Material supplied:
────────

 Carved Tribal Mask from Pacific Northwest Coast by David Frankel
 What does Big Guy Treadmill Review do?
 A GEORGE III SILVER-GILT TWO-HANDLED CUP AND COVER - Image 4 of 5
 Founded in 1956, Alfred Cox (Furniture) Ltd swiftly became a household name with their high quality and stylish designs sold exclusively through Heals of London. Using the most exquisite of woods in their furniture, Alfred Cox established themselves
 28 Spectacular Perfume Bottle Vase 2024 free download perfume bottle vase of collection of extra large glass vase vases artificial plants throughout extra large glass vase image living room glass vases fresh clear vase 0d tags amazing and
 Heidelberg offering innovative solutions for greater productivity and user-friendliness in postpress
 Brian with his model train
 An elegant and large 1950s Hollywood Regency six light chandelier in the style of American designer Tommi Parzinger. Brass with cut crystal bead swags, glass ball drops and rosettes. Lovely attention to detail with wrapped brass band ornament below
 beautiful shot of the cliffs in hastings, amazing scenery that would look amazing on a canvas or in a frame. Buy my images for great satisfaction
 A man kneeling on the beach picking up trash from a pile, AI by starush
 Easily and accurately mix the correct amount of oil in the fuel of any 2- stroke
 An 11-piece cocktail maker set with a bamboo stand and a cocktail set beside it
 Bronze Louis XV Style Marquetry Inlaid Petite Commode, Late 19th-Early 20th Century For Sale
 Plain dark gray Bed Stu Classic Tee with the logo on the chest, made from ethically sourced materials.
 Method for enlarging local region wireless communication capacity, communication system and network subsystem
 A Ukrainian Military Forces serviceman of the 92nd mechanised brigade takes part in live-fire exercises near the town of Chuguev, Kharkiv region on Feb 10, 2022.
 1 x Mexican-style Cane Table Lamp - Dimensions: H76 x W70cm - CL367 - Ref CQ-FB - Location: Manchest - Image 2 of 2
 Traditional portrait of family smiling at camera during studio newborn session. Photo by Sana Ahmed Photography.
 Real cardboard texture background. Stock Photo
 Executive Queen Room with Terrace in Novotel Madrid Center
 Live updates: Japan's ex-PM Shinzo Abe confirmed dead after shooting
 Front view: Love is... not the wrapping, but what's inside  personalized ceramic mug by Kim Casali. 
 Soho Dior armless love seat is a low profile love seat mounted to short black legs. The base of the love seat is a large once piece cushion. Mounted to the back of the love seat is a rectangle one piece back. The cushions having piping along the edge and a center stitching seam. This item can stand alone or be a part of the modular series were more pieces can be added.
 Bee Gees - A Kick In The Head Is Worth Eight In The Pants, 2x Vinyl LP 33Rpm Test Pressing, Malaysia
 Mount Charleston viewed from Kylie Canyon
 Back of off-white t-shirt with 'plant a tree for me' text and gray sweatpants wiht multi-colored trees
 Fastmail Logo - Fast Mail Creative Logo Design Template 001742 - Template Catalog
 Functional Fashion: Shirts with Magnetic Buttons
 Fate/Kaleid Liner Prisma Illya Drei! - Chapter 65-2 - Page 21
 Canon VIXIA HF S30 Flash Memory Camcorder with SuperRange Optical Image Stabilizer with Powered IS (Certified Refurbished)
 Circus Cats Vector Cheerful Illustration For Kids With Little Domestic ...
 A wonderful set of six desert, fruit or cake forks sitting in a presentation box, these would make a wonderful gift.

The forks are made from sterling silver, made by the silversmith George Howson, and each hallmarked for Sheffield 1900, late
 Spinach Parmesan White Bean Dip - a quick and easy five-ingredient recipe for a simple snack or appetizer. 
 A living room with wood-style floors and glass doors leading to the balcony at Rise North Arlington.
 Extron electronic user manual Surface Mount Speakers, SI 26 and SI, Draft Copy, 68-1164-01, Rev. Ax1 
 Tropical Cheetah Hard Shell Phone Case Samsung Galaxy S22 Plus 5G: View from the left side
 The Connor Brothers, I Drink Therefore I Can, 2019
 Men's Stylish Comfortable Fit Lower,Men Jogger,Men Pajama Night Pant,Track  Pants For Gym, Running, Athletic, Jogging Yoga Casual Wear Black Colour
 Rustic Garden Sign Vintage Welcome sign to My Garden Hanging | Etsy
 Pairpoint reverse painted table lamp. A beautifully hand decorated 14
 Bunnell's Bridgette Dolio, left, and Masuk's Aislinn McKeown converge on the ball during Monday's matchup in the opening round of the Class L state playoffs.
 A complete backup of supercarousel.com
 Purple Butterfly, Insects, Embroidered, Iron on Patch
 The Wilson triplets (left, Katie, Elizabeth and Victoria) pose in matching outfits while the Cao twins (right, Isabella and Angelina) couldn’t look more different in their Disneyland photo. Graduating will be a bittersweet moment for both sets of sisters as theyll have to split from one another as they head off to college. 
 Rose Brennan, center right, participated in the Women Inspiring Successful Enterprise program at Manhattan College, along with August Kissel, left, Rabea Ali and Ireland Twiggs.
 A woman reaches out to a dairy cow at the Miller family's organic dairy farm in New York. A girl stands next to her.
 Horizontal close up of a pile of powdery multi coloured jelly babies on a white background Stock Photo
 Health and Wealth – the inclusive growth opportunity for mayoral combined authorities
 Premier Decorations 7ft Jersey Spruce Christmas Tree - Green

────────

What is required:
Your task is to repeat the records exactly. Begin at their first line and stop after the line containing "Bronze Louis XV".

Exercise response:
 Carved Tribal Mask from Pacific Northwest Coast by David Frankel
 What does Big Guy Treadmill Review do?
 A GEORGE III SILVER-GILT TWO-HANDLED CUP AND COVER - Image 4 of 5
 Founded in 1956, Alfred Cox (Furniture) Ltd swiftly became a household name with their high quality and stylish designs sold exclusively through Heals of London. Using the most exquisite of woods in their furniture, Alfred Cox established themselves
 28 Spectacular Perfume Bottle Vase 2024 free download perfume bottle vase of collection of extra large glass vase vases artificial plants throughout extra large glass vase image living room glass vases fresh clear vase 0d tags amazing and
 Heidelberg offering innovative solutions for greater productivity and user-friendliness in postpress
 Brian with his model train
 An elegant and large 1950s Hollywood Regency six light chandelier in the style of American designer Tommi Parzinger. Brass with cut crystal bead swags, glass ball drops and rosettes. Lovely attention to detail with wrapped brass band ornament below
 beautiful shot of the cliffs in hastings, amazing scenery that would look amazing on a canvas or in a frame. Buy my images for great satisfaction
 A man kneeling on the beach picking up trash from a pile, AI by starush
 Easily and accurately mix the correct amount of oil in the fuel of any 2- stroke
 An 11-piece cocktail maker set with a bamboo stand and a cocktail set beside it
 Bronze Louis XV Style Marquetry Inlaid Petite Commode, Late 19th-Early 20th Century For Sale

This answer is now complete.